Jakarta | indonesiabiru.com *) – Malam menjelang, perahu kecil yang dipakai Ilyas, nelayan Muara Angke, bergegas ke laut. Sebelumnya, ia menyebar jaring ikan yang tidak jauh dari pulau reklamasi.
Perahu kecilnya, tidak mungkin mencari ikan sampai lautan lepas atau melebihi 10 mil dari pesisir Muara Angke.
Nelayan Muara Angke, yang hanya punya perahu kecil, tidak bisa melaut jauh dari pesisir, sudah merasakan dampak reklamasi. Keruhnya air laut dampak dari penyedotan pasir, membuat ikan yang dulu berkumpul di sekitaran pulau reklamasi lambat laut menghilang dan mati.
Pendapatan nelayan seperti Ilyas, menurun drastis. Biasanya nelayan mengantongi Rp 150 ribu sampai Rp 250 ribu dari hasil melaut. Kini, untuk mendapatkan Rp 50 ribupun sangat sulit bagi para nelayan. Hasil tangkapan terus menyusut.
Itu sedikit penggalan kisah Film Dokumenter Rayuan Pulau Palsu, yang dibuat Sutradara Watchdoc Documentary Rudi Purwosaputro. Film yang digarap hampir tiga bulan ini, bagian kerja sosial tim Watchdoc, untuk memotret kondisi reklamasi yang berdampak pada nelayan.
Film yang berdurasi hampir satu jam ini, memilih nilai kemanusian dari semua unsur permasalah dalam reklamasi Teluk Jakarta, yang saat ini menjadi sorotan publik. Sepertikerusakan lingkungan, sosial, hukum, dan kasus korupsi. Watchdoc Dokumentary yang sudah hampir 7 tahun membuat film dokumenter, seperti Kala Benoa, Mengenang Kenangan Jatigede, Yang Ketujuh, dan lainnya.
Dalam Film Rayuan Pulau Palsu, merekam secara sederhana warga terdampak reklamasi. Sutradara menilai menilai suara warga yang tidak pernah didengar, jauh lebih berharga ketimbang data dan angka-angka yang kadang mudah direkayasa.

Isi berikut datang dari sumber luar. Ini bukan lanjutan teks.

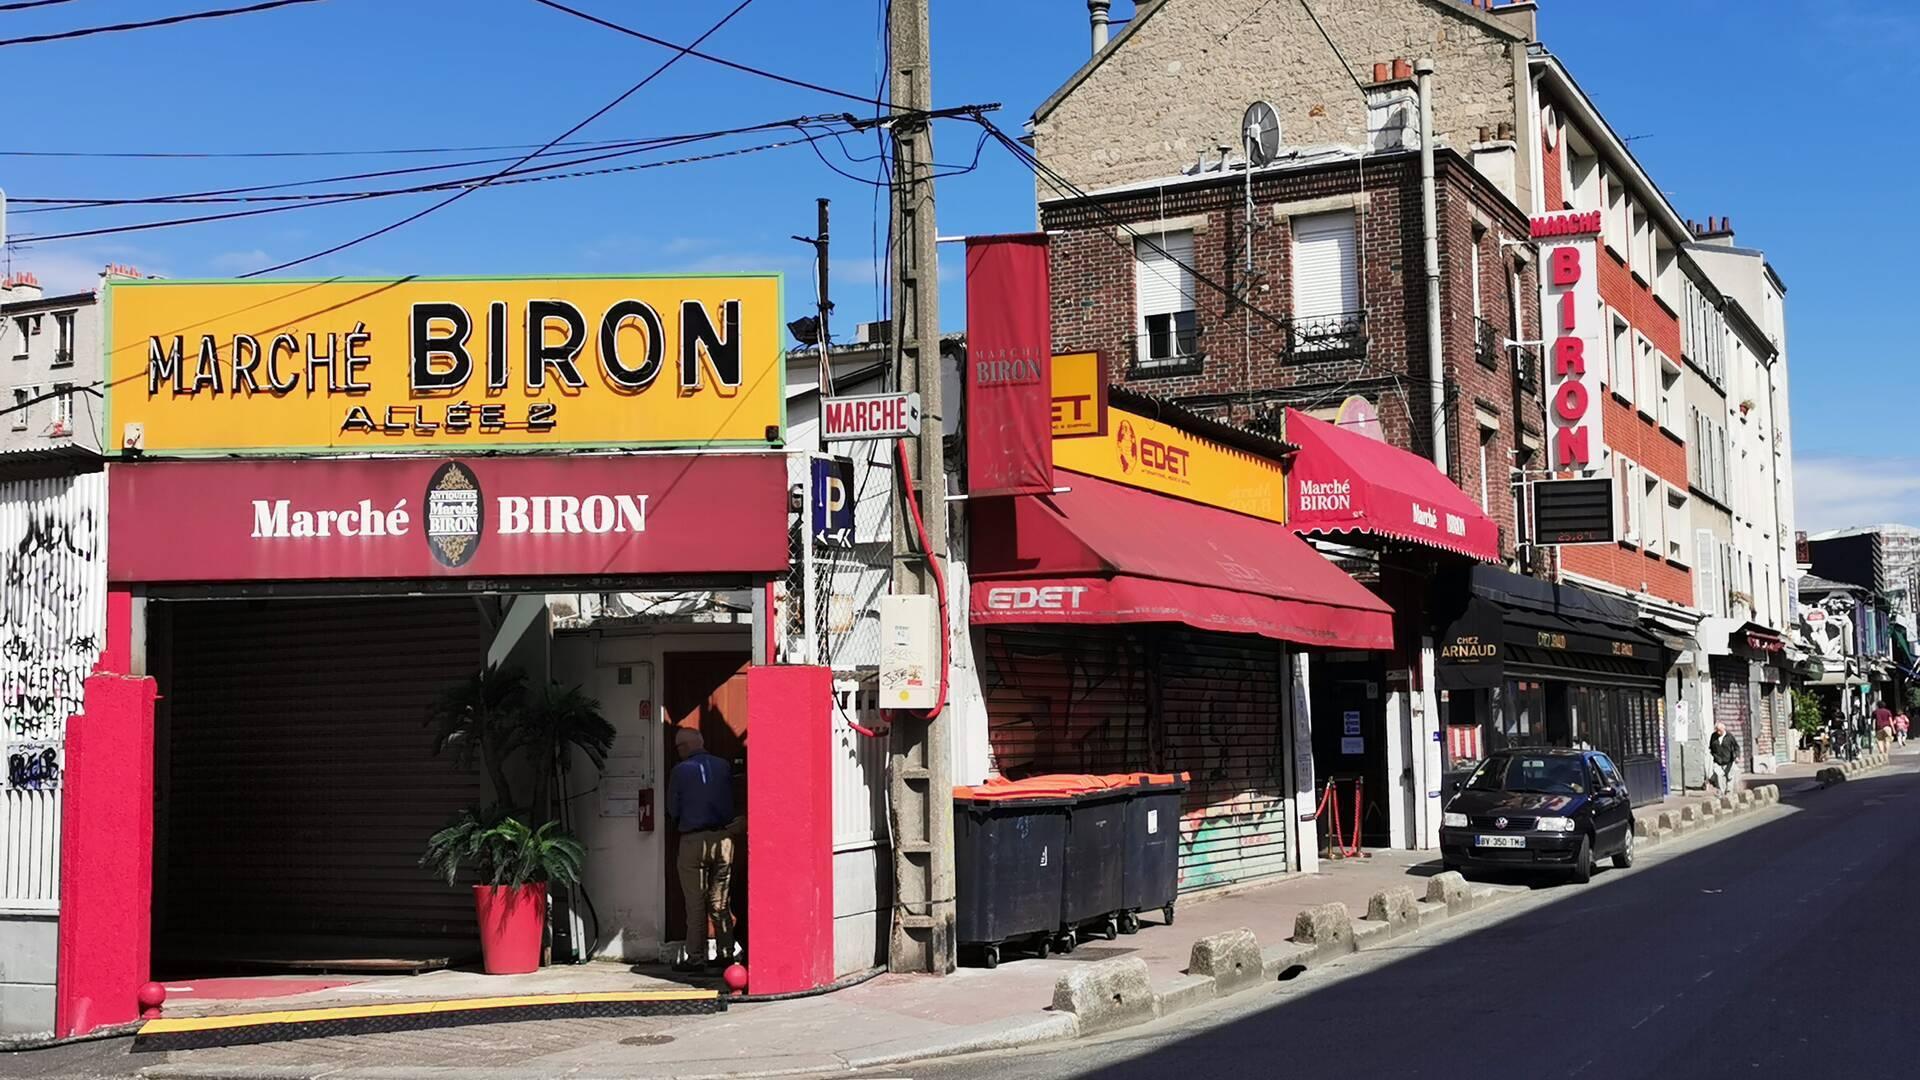 marche-biron-puces-paris-saint-ouen-tourisme-seine-saint-denis-plaine-commune-grand-paris-nord

Film ini, harus kita tonton, untuk mendorong empati kita sebagai warga agar ikut peduli pada warga hidup di pesisir Jakarta, yang terancam diusir. Masyarakat pesisir Jakarta, punya kedaulatan untuk mencari nafkah di laut, hidup, serta tumbuh sejahtera di pesisir, bukan diusir demi pembangunan yang lebih mengutamakan estetika, serta memanjakan kaum atas dengan properti mewah.
Jakarta dengan bentang pesisir lautnya yang luas, terus menihilkan masyarakat pesisir. Untuk menikmati pesisir atau lautan, masyarakat Jakarta harus bayar tiket atau membeli properti yang harganya selangit. Akses publik pada pesisir dan laut dipinggirkan. Laut dan Pesisir Jakarta bukan hanya buat yang punya duit tebal.
Film yang dirilis 30 April di Muara Angke, memberi gambaran pada publik, bagaimana pesisir harus dikelola demi masa depan anak dan cucu Indonesia. Bukan hanya buat properti dan menguntungkan segelintir pengusaha dan membuat ketimpangan ekonomi semakin nyata di negeri kepulauan ini. Masyarakat pesisir yang sudah hidup dan mencari nafkah di pesisir Jakarta, jangan dibiarkan terusir dan terpuruk.